Limits of the survey
The advantage of the present survey to be answered anonymously also limits the results, as there is no certainty that only limb-deficient persons have completed the questionnaire. However, there is no evidence of manipulation that might be indicated by a certain repeated pattern of answering questions. Additionally, a revised survey should include a question for the exact type of myoelectrical prosthesis that is used. In the last few years, fast-acting myoelectric hand prostheses have become available and an increasing number of persons in Germany were fitted with them. The results of the present survey indicate that a higher grasping speed is wanted by most prosthesis users. This grasping speed of the prosthesis should be considered in a revised survey when analysing the degree of contentment with this feature.
Conclusions
Several recommendations for future externally powered prosthetic hand designs can be derived from the answers given in the survey.

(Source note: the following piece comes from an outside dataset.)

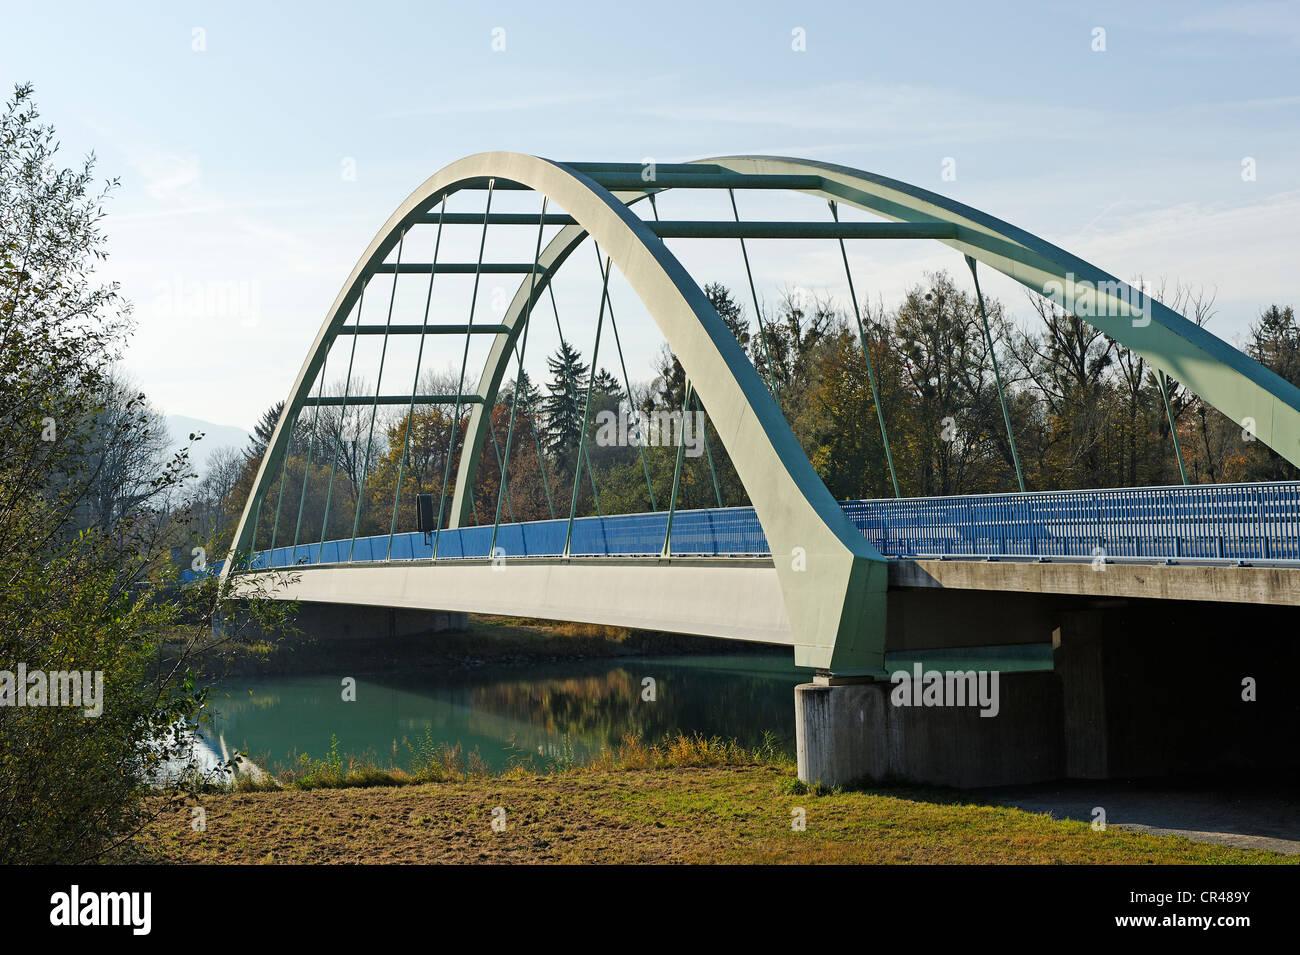 Innbruecke Brücke zwischen Raubling und Neubeuern, Oberbayern, Deutschland, Europa Stockbild

The results can be summarized as follows:
Activities for which prostheses should be useful include: Handicrafts, personal hygiene, using cutlery, operation of electronic and domestic devices, and dressing/undressing. If a prosthetic hand is worn, it is used for 8 hours or more. It was found that light weight, easiness of cleaning, and additional functions, such as force feedback and independent movements of the thumb, the index finger, and the wrist, were highlighted as priorities for the design of new externally powered prosthetic hands. Consistencies were found with the results of previous studies, although fast-acting myoelectric hands have been made available in the meantime.
It is recommended these consumers' concerns and preferences are considered in the design of improved prosthetic hands.